Hi team,
Thank you for the wonderful course. I have a question regarding the train/ eval split on the time series dataset.
In the lab, we use ExampleGen to do train/ eval split. Doesn’t this break the continuity of the timestep?
Say problem is to use HISTORY_SIZE = 2 (x_t-1, x_t) to FUTURE_TARGET=1 (y_t+1).
And we have the time series data with 6 data points [(x0, y0), (x1, y1), …, (x8, y8)] where x_i is the feature vector at the time index i and y_i is the label at the time step i.
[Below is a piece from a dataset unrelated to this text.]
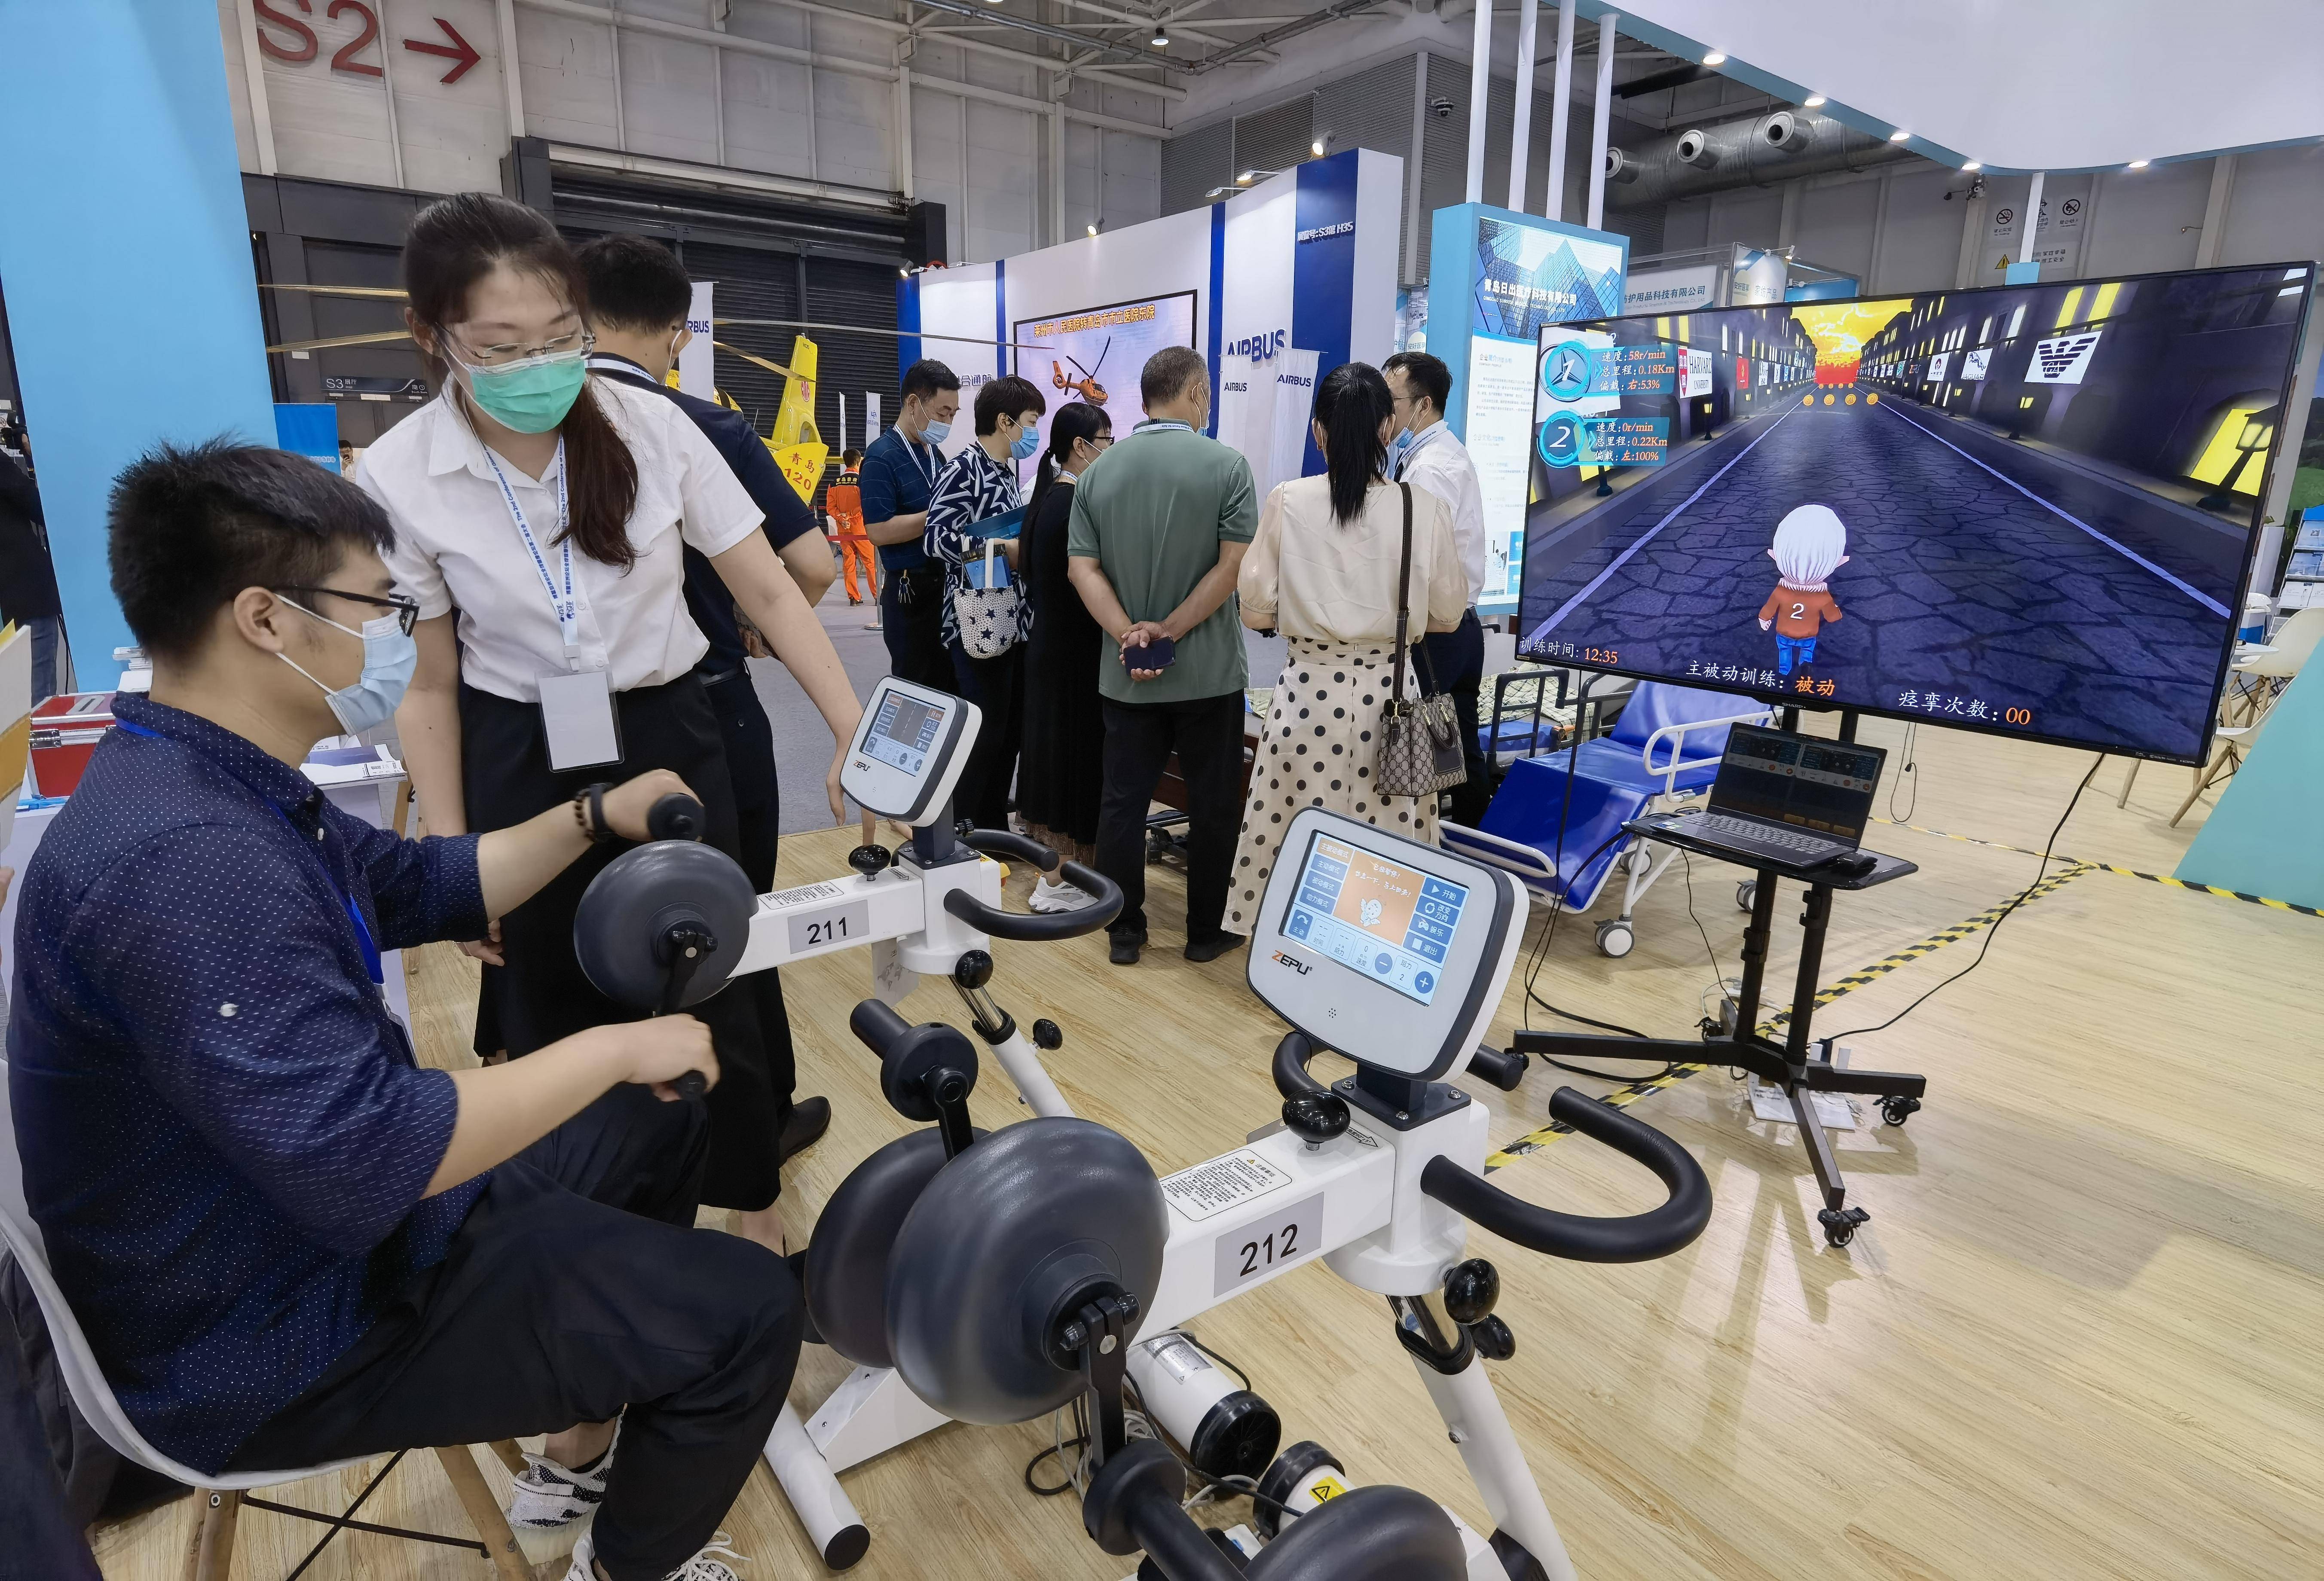 参展者在博览会体验最新医疗设备。韩星

Then we get something like
train: [(x0, y0), (x1, y1), (x2, y2), (x5, y5), (x7, y7), (x8, y8)]
val: [(x3, y3), (x4, y4), (x6, y6)]
Then in the training batch, we can have something like this
training datapoints (features list, target list) : ([x1, x2], y5)
Does this make sense? Or did I misunderstood something?
I am confused if this is the way to split the train/ eval data especially when we are trying to prepare the data to train LSTM network as stated in the notebook?
Shouldn’t we do it like this?
train: [(x0, y0), (x1, y1), (x2, y2), (x3, y3), (x4, y4), (x5, y5)]
val: [(x6, y6), (x7, y7), (x8, y8)]
But again for this case, we might introduce the distribution shift to the train/ val because the features/ target itself might have trends which vary over time.
Best Regards,
surfii3z